Feature importance. The impact of the features on the model output is expressed as the average of the absolute SHAP value. The larger the value, the more important is the feature for predicting stroke surgical intervention. SHAP SHapley Additive exPlanation.

The prehospital stroke scales that have been published to date have enabled the diagnosis of LVO with high accuracy and stroke subtypes. However, in all of the scales, stroke-specific survey items were important, such as conjugate deviation and hemispatial neglect25,26,27. As noted above, these items were not included in the key variables in this scale, suggesting that its usefulness could be maintained even when these items were missing, such as in cases in which stroke was not suspected.

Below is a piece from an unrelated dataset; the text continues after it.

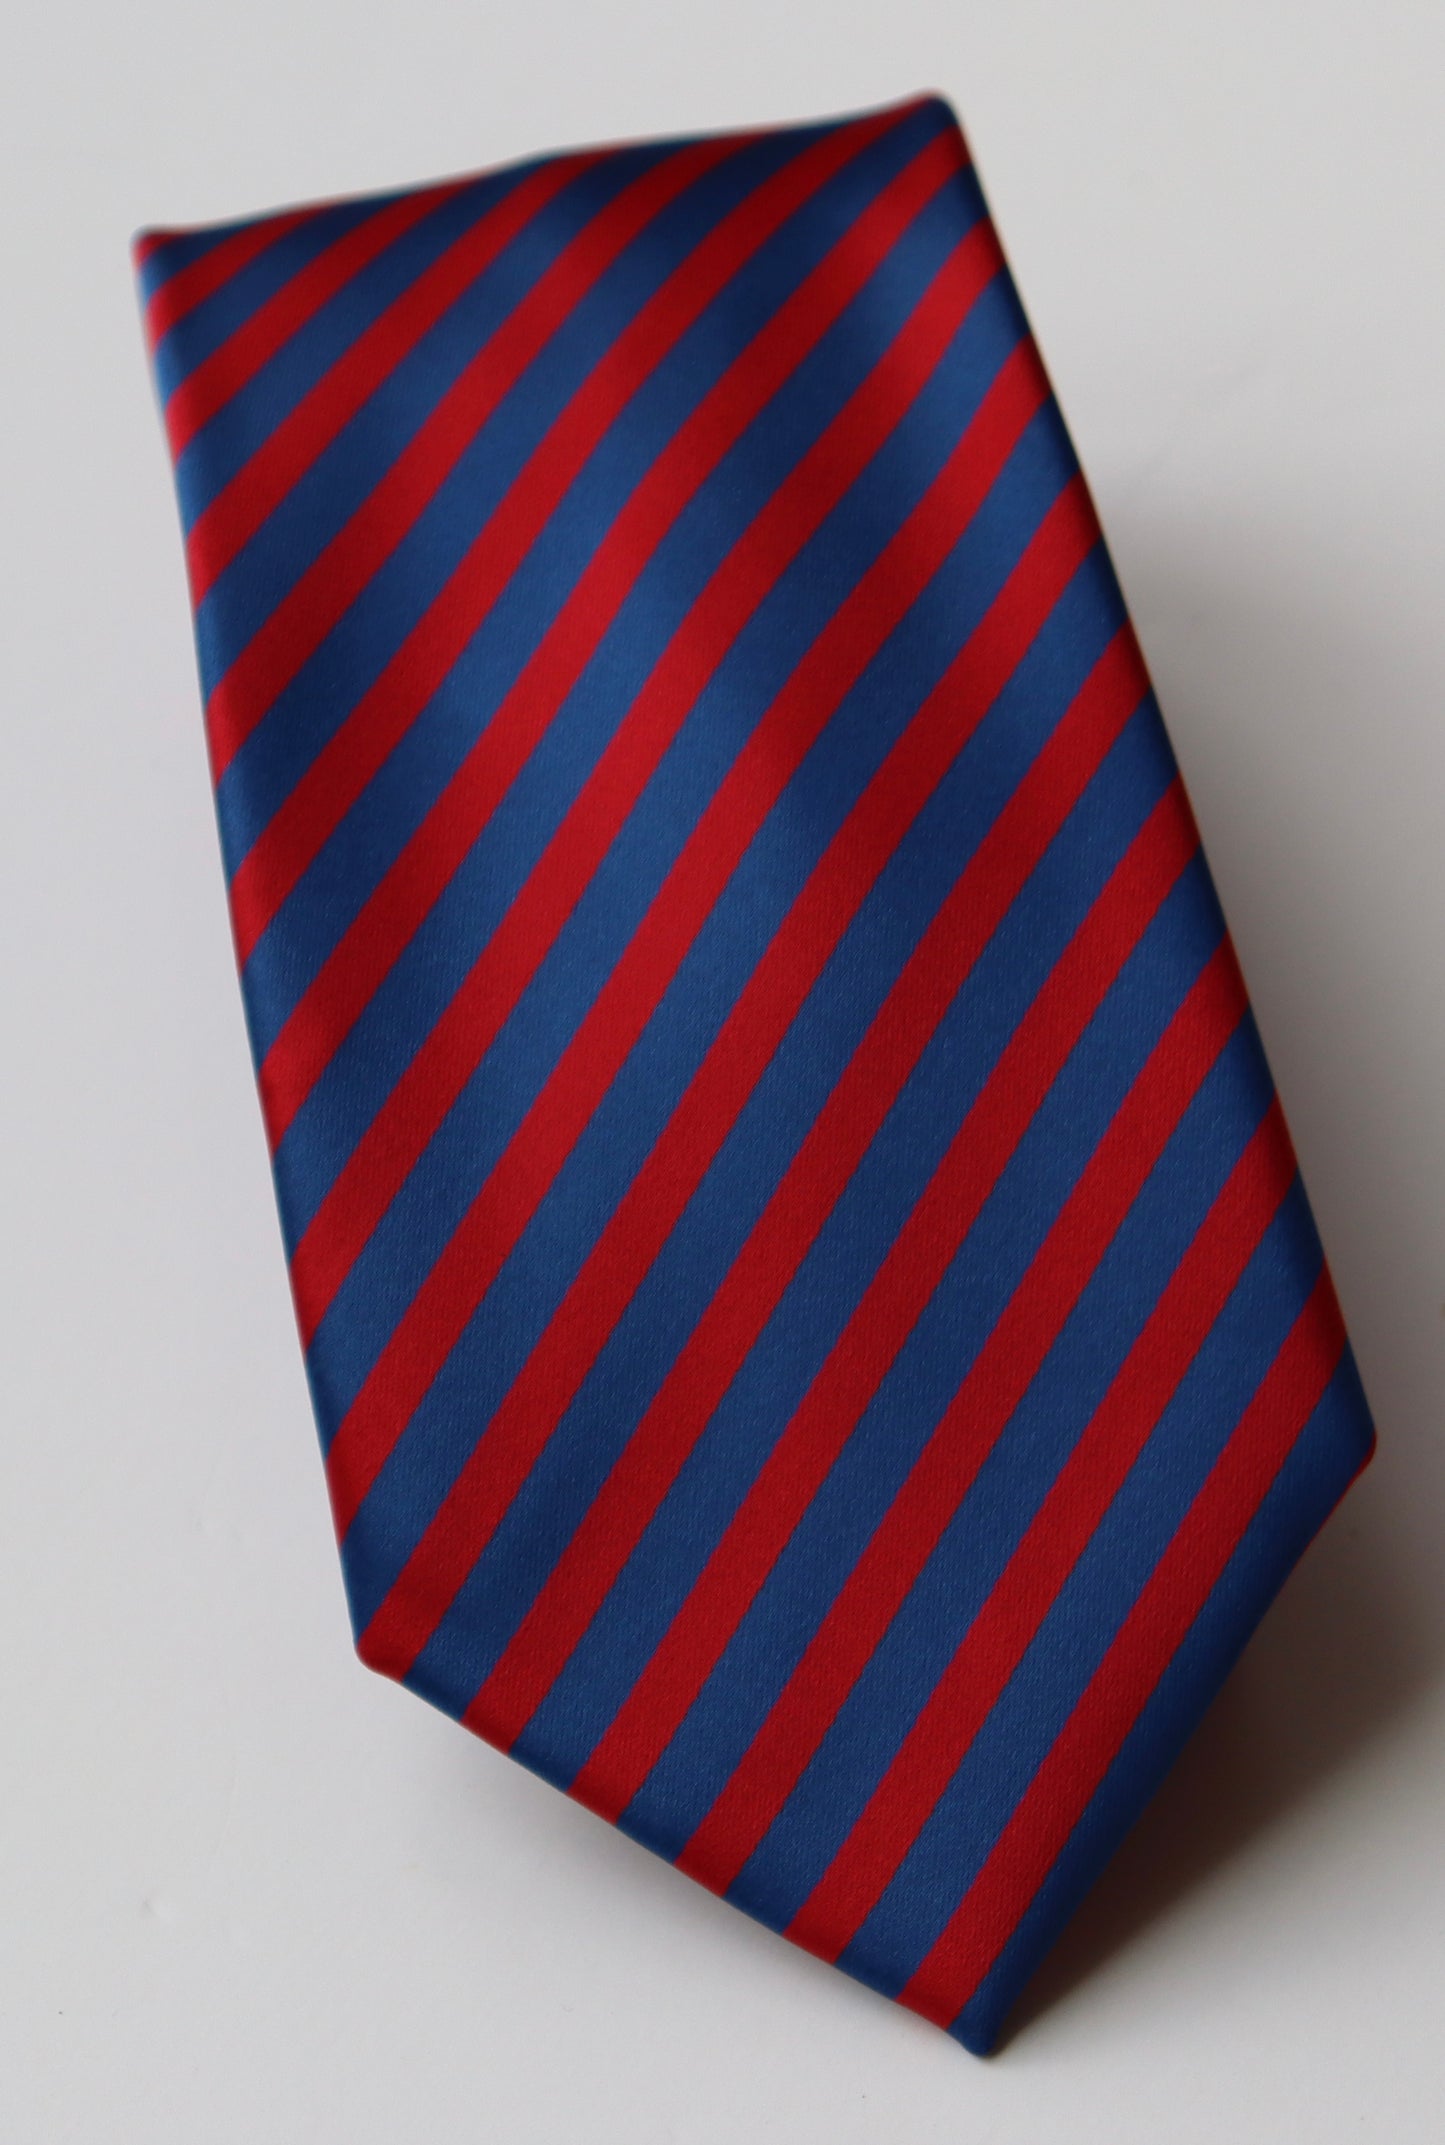 The Shirt Shop Tie - Navy/Red Stripe

The novel prehospital scale developed in this study can predict the need for surgical intervention across all stroke diseases. In comparison, the Shonan Prehospital Scale (SPSS) is a score used at the municipal level to predict surgical intervention. The SPSS evaluates severe headache, impaired consciousness (JCS ≥ 10), and local symptoms (hemiplegia, facial paralysis, or abnormal speech), scoring 1 point if the onset is severe and 2 points if it is sudden onset. Comparative validation of the two models using the present data revealed that the newly developed model was superior to the other with an AUROC of 0.652 (sensitivity 0.880, specificity 0.425) (Table S5).

The patient information system utilized in the Smart119 project stores patient data gathered by EMS personnel via tablets. The interface of the system is equipped with an application that enables prehospital stroke diagnosis. We believe that the inclusion of this program into the existing system would reduce the time required for hospital selection and contribute to prompt and appropriate emergency transport.

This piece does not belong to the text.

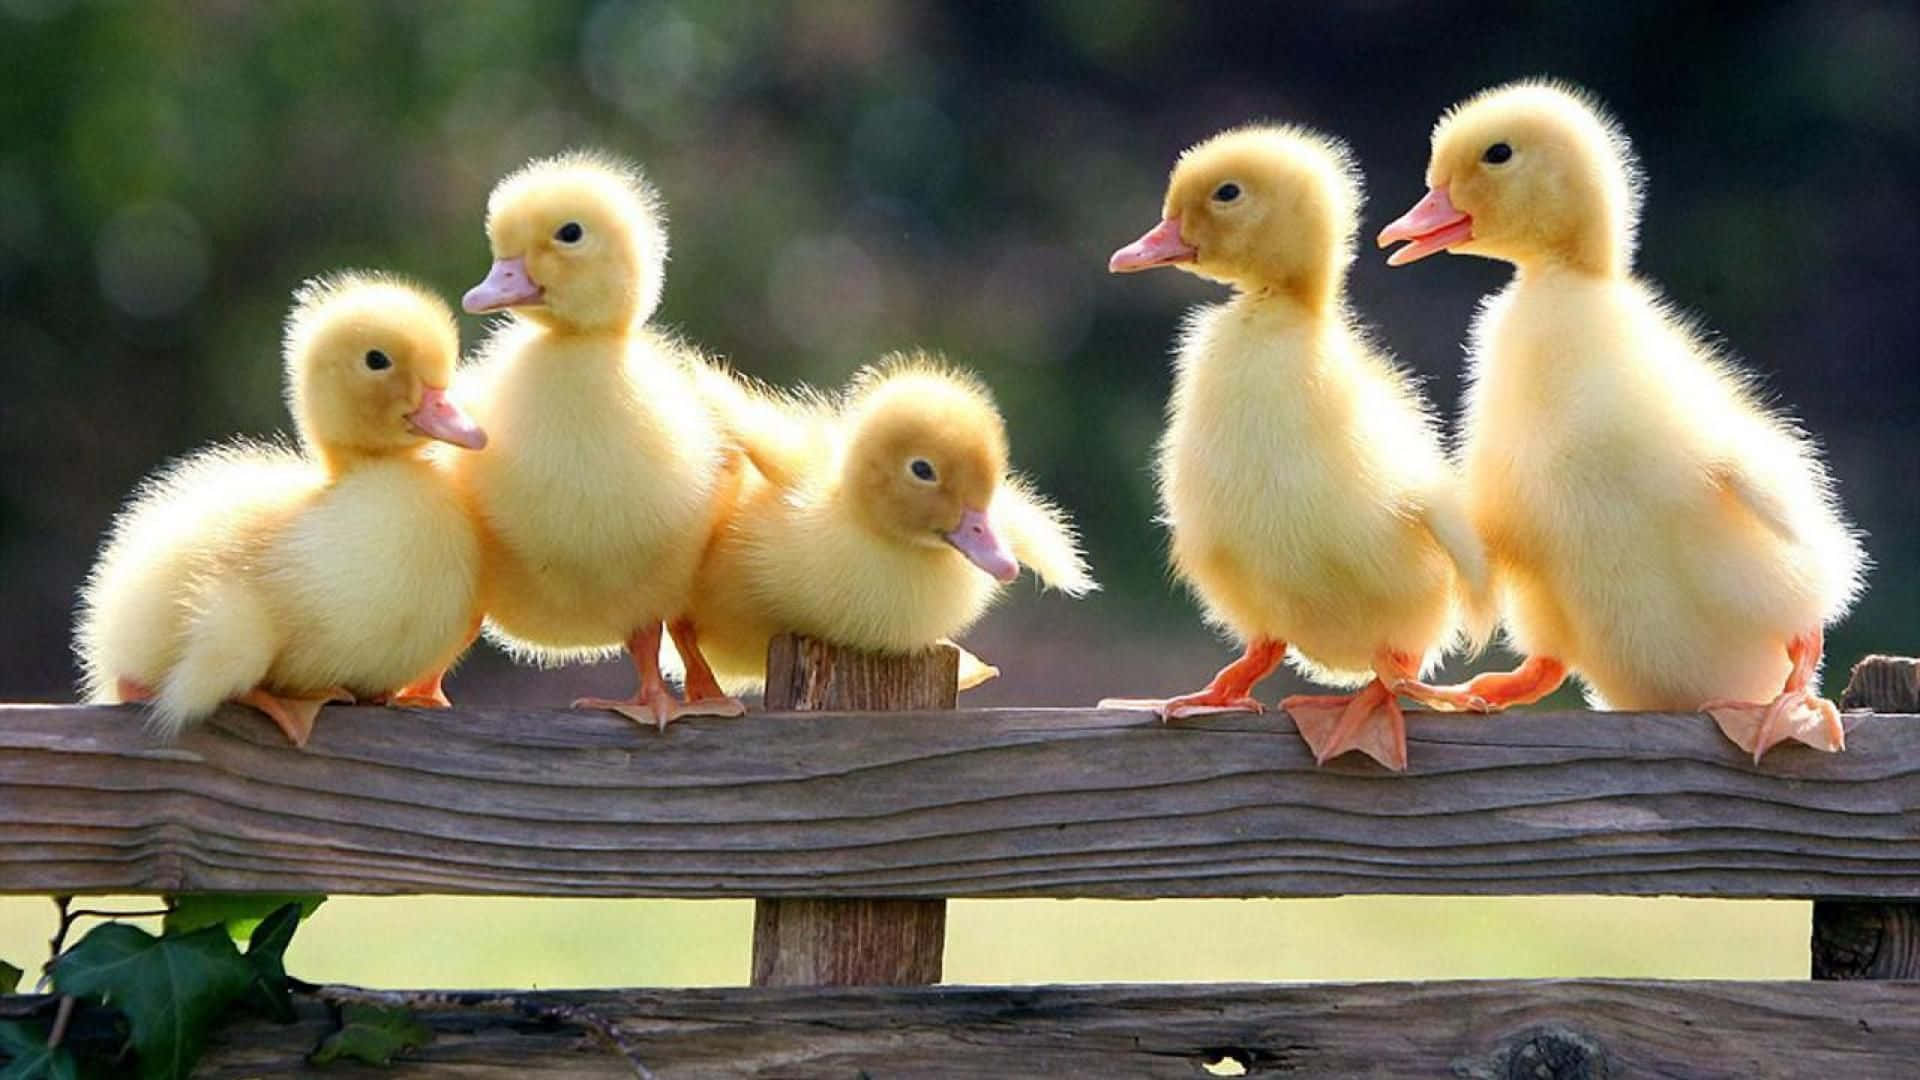 Cute Animal Farm Ducklings Picture

This study has some limitations. First, the decision to initiate therapeutic intervention was made by the neurosurgeons at each participating hospital, which may have introduced variability across institutions. Second, although this was a multicentre study, the study was limited to a single metropolitan area in Japan. Hence, it is crucial to validate the algorithm’s high predictive value in other regions with distinct characteristics to increase its applicability across Japan. Fortunately, the medical region where this study was conducted (Chiba Prefecture) comprises diverse types of medical organizations, including urban type with multiple hospitals, independent type with one hospital as the main hospital, and depopulated type with no central hospital. The algorithm will be expanded to Chiba Prefecture as a whole and will be demonstrated in the future.

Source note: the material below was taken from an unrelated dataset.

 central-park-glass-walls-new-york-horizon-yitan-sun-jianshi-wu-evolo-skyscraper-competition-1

In conclusion, our algorithm serves as a prehospital stroke scale that can be easily completed by EMS personnel to predict the need for surgical intervention in patients with stroke. We firmly believe that our machine-learning-based scale holds significant value as predicting stroke intervention is important in determining a suitable transport destination considering their medical care system.

Methods

Study design and patient population

From September 2019 to January 2022, we conducted a study of patients who were transported by EMS for suspected stroke. The destination hospitals included all 12 medical institutions within the secondary care area that were equipped to transport stroke patients. We developed a surgical intervention prediction scale by retrospectively examining 1143 patients whose diagnosis and treatment plan could be ascertained at the transport site.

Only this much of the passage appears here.